Give us the Engine model might help.
Some Bachmann engines have a plug and play decoder option, it just matters if the engine was DCC ready or not.


----------



## gandy dancer#1

*converting dc to dcc*

I canttell you much about the locopurchased 2 yrs ago in a set, it is a yellow and blue with santa fe logo on sides, cab number 3500, on bottom is made by bachman nothing else. Do i nedd to take it apart, and i would presume look for a plug in or harness to add the decoder??? I have another set, a crown royal collectors edition,it runs on dc on bottom it say bachman hong kong bachman cant tell me any thing on it, and crown royal says they know it was produced as limited edition set but not sure as what x-mas it was as many of their records got destroyed!! I am going to assume probably cant convert this to dcc,so will probaly put it in display case for the grndson.


----------



## tankist

regardless of engine type you will need to take it apart to access the electric contacts. usually just pull a shell off. from your description it sounds like engine is not DCC ready (but i not experienced with bach set engines) so the wiring job can probably will not be plug and play. the exact process will heavily depend on the exact engine you have.


----------



## NIMT

Just about any engine can be converted to DCC it's just a mater if you can do it or if you need to send it off to someone like me to do it!
Get some pictures with the shell on and off and I can tell you a lot more!


----------



## gandy dancer#1

*converting dc to dcc loco*

I will get some pics this weekend and try to post here i might even dis assemble my crown royal loco, Hmmm that one have to tink about I do want to thank every body here whogas jumped in :thumbsup:


----------



## oldSmokey

*converting dc to dcc loco*

I think that this is the Loco in question: and it is Not DCC ready, it is a wiring job for the decoder.
The resistors that you can see, I put them in as all my Locos have led lighting, in fact all my layout is led lighting not a single bulb in sight.


----------



## gandy dancer#1

*converting dc to dcc*

Hey smokey: ou did good, thats myl oco for sure, that makes me feel good, i have been looking on hobby link,for decoders withsound as grandson asked this morning " we nedd a train that makes noises like a real one" after watching some videos on here!! his other 2 locos already are dcc, but no sound, i think i can just add that decoder to them and stay in budget.
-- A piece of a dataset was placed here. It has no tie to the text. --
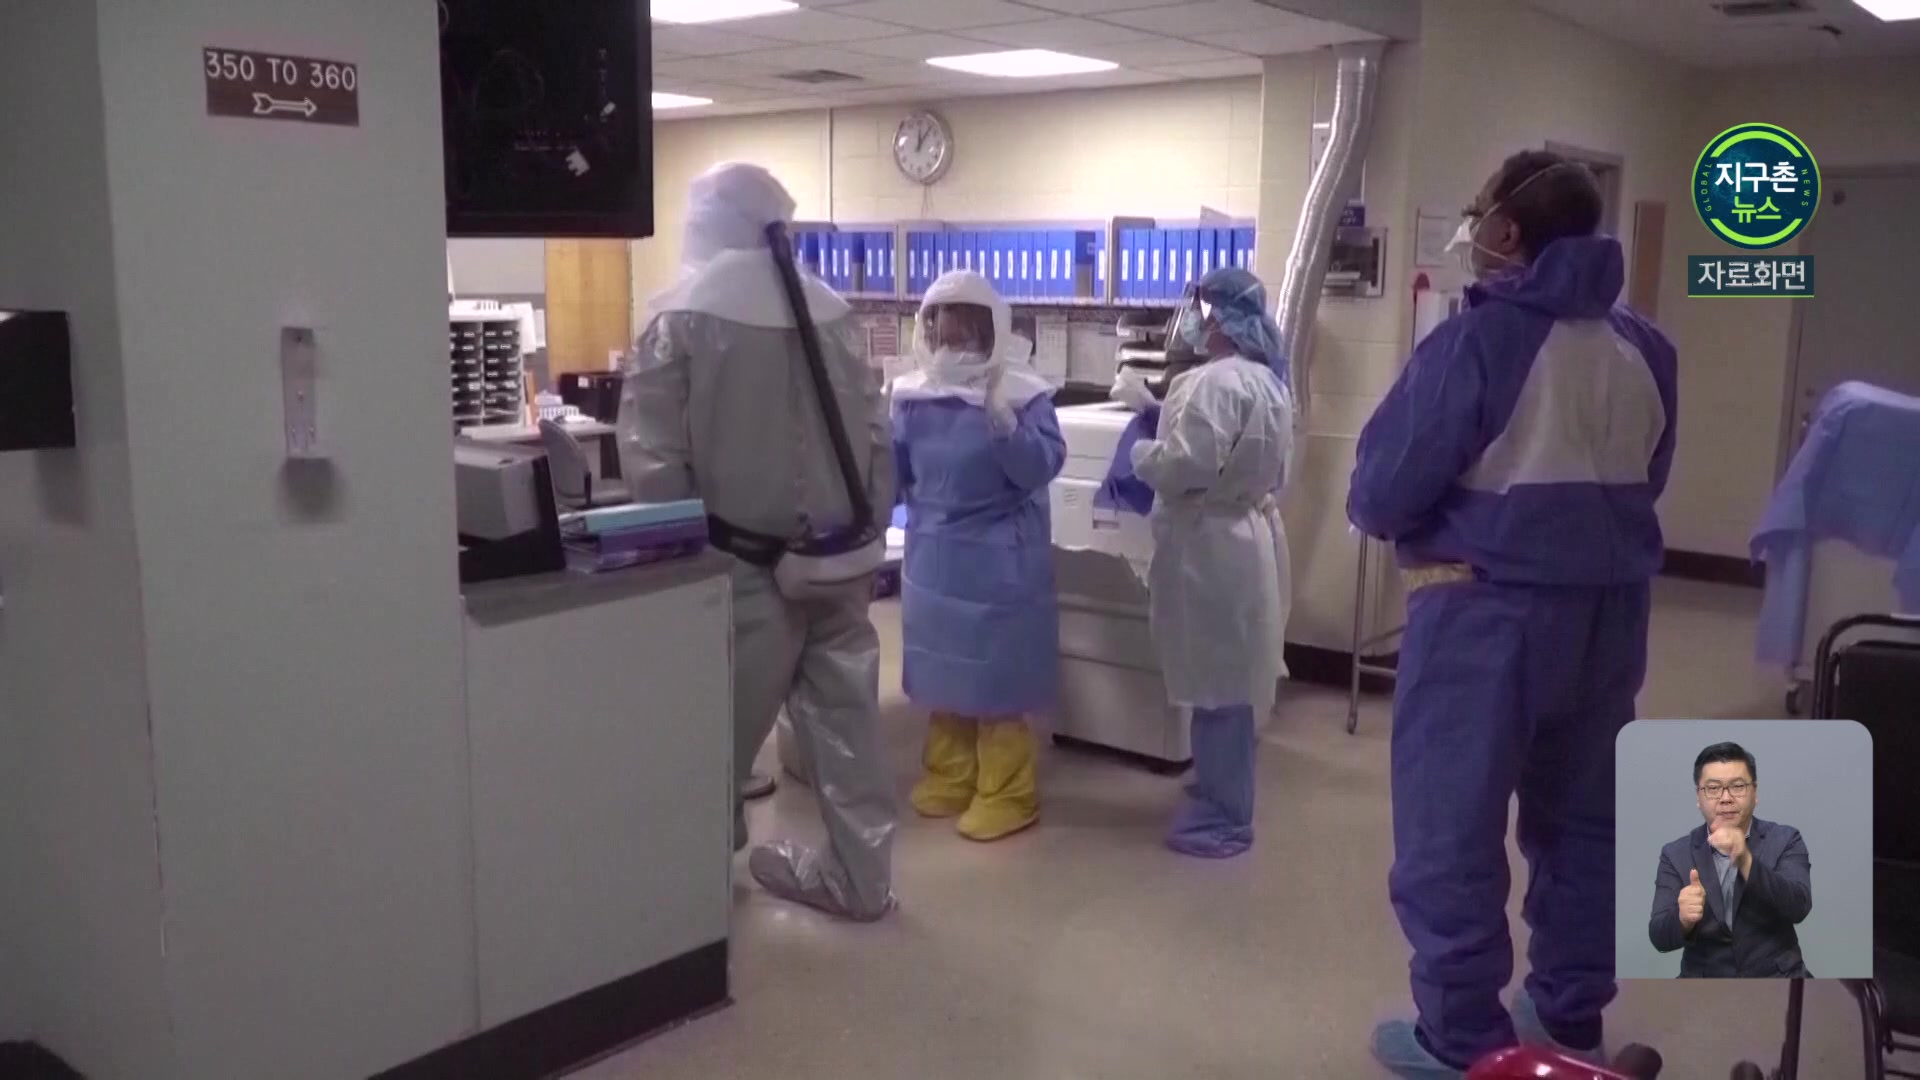 미국, 코로나19 검사비 6,400만 원 청구한 병원

I thank youfor yourpost big help as i like to see pics,it helps me greatly:thumbsup:


----------



## tjcruiser

Gandy,

Sidebar ...

Per our PM's / emails, are you now logged in OK without disruption?

TJ


----------



## gandy dancer#1

*cpnvertin dc to dcc*

Hey Tj CRUISER: I have just about given up.I had to log in 3 times today to geton board, and just now the same and if i leave a page to look at another subject it kicks me off?? I am a retired computer engineer, lets just say i dont run e-bay special pc's in my house I have checked my sytem thoroughly looked in its mouth all teeth okay, lifted its tail other end looks okay You guys tell me


----------



## tjcruiser

Did you get my email? I talked about another "gandy dancer" member, pound sign in your username, etc. I'm no techie when it comes to this, though.

I can say this ... As far as I know, you're the only one with this sort of problem. Are you sure it's not some sort of browser issue? And you said previoiusly you were checking the "remember me" box, right?

Sorry I can't offer more help ... beyond my pay grade! Maybe PM Joschik (Christian) again?

TJ


----------